The Judicial Ethics Forum (JEF)

An Academic Discussion of Judicial Ethics, Discipline & Disqualification

Drug Court Judges Are Not Above the New Ethics Rules

Posted by judicialethicsforum on Friday, January, 9, 2009

To defend himself from disciplinary charges based on his orders requiring over 120 drug court defendants to make payments to organizations not authorized by statute, a Louisiana judge recently argued that “the ABA Canon Model Code of Conduct now says if there’s a conflict . . . , you don’t use the standard Canon of Conduct . . . .  It says you defer to the drug court practice and rules.”  That argument was misplaced because the revised ABA Model Code of Judicial Conduct adopted in 2007 does not give unbridled discretion to drug court judges.  (The Judiciary Commission rejected the judge’s argument; its recommendation that the judge be censured for this and other misconduct is pending before the Louisiana Supreme Court.)


A new Comment 4 added to the prohibition on ex parte communications (Rule 2.9A) in the 2007 ABA Model Code states:

A judge may initiate, permit, or consider ex parte communications expressly authorized by law, such as when serving on therapeutic or problem-solving courts, mental health courts, or drug courts.  In this capacity, judges may assume a more interactive role with parties, treatment providers, probation officers, social workers, and others.

Thus, the only special ethical rule for problem-solving judges in the model code relates to ex parte communications and then only insofar as “expressly authorized” by the rules or policies of the court.


So far five states have adopted revised codes of judicial conduct based on the 2007 model code.  Delaware has not adopted a provision similar to Comment 4 to Rule 2.9A.  Indiana and Montana have adopted the comment.  (The syntax is a little different in the Montana version, which also adds “water court” as an example of a problem-solving court.)  Hawaii has greatly expanded the exception by deleting the phrase “expressly authorized by law” so that the Hawaii allows a judge to “initiate, permit, or consider ex parte communications when serving on therapeutic or problem-solving courts, such as mental health courts or drug courts,” apparently without limitation.  In the revised Ohio code, effective March 1, 2009, an exception for judges presiding over “specialized dockets” is in the text of the rule, not the comment, and states “a judge may initiate, receive, permit, or consider an ex parte communication when administering a specialized docket, provided the judge reasonably believes that no party will gain a procedural, substantive, or tactical advantage while in the specialized docket program as a result of the ex parte communication.”

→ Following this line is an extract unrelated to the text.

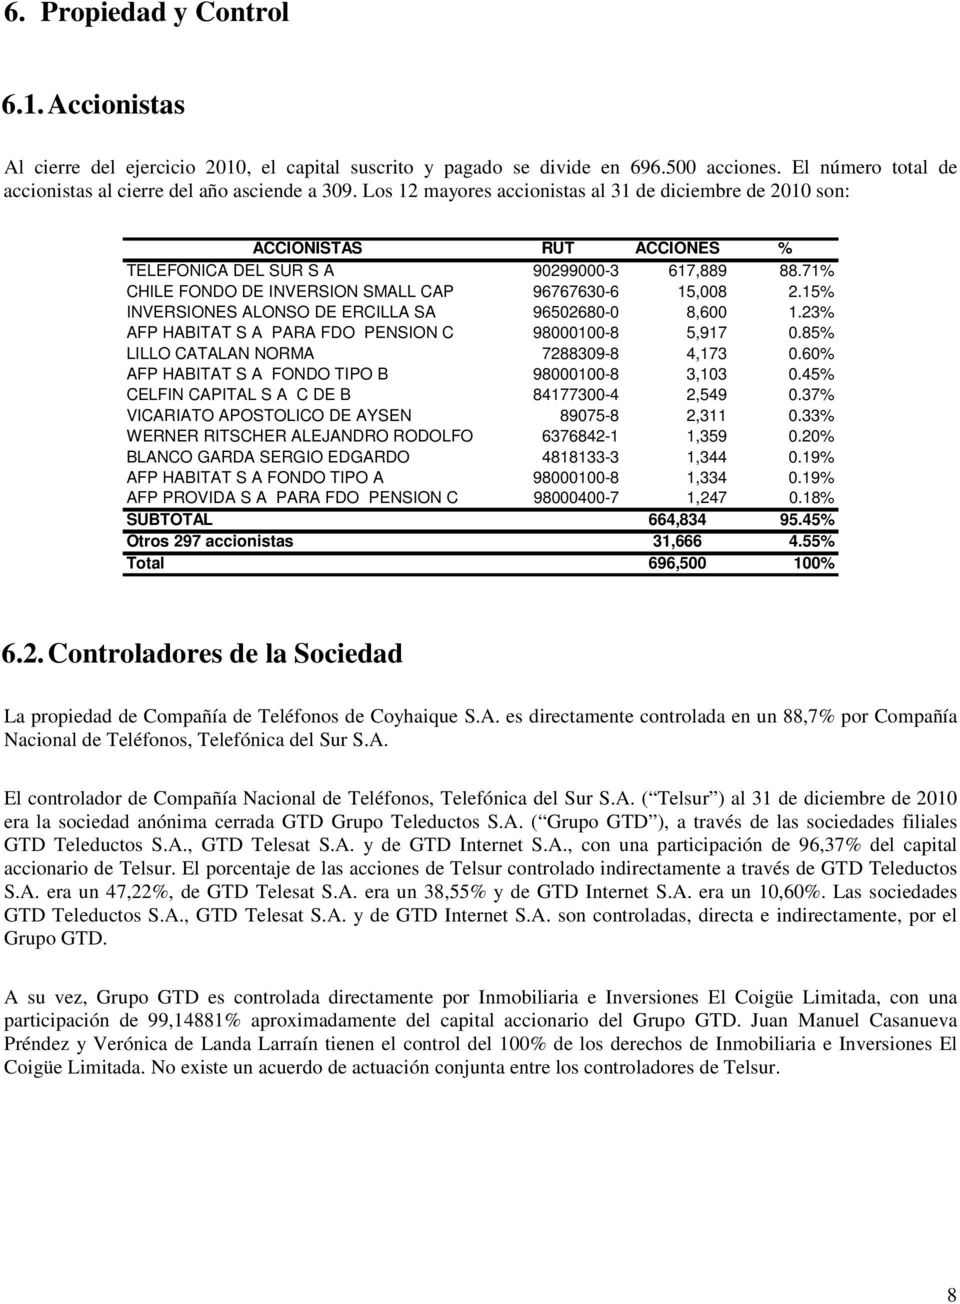 15% INVERSIONES ALONSO DE ERCILLA SA 96502680-0 8,600 1.23% AFP HABITAT S A PARA FDO PENSION C 98000100-8 5,917 0.85% LILLO CATALAN NORMA 7288309-8 4,173 0.

by: Cindy Gray, Director, Center for Judicial Ethics, American Judicature Society

One Response to “Drug Court Judges Are Not Above the New Ethics Rules”

  1. Keith Swisher said

    Relatively speaking, comment 4 to Rule 2.9 of the New Model Code of Judicial Conduct drew more attention and debate than other Code provisions (save the appearance of impropriety prohibition). If you are interested in the judicial ethics of dealing with self-represented litigants — the general topic of comment 4 — I would recommend the work of Jona Goldschmidt. See, e.g., Jona Goldschmidt, Judicial Ethics and Assistance to Self-Represented Litigants, 28 JUST. SYS. J. 324-328 (2008); Judicial Assistance to Self-represented Litigants: Lessons from the Canadian Experience, 17 MICH. ST. J. INT’L L. (forthcoming 2009). I would also recommend, Reaching Out or Overreaching: Judicial Ethics and Self-Represented Litigants, by Cynthia Gray. (The work is available for purchase at Here is the abstract:

    Reaching Out or Overreaching: Judicial Ethics and Self-Represented Litigants argues that, under the code of judicial conduct, no reasonable question is raised about a judge’s impartiality when the judge, in an exercise of discretion, makes procedural accommodations that will provide a diligent self-represented litigant acting in good faith the opportunity to have his or her case fairly heard — and, therefore, that a judge should do so. The 96-page publication discusses topics such as demeanor, the appearance of bias, providing clear explanations for litigants, liberal construction of pleadings, explaining the process, instructing self-represented litigants, and asking questions during hearings. Funded by a grant from the State Justice Institute, Reaching Out also includes proposed best practices for cases involving pro se litigants and a self-test, hypotheticals, a talk, small group exercises, a debate, and panel discussion for use by judicial educators a session covering the topic at judicial conferences.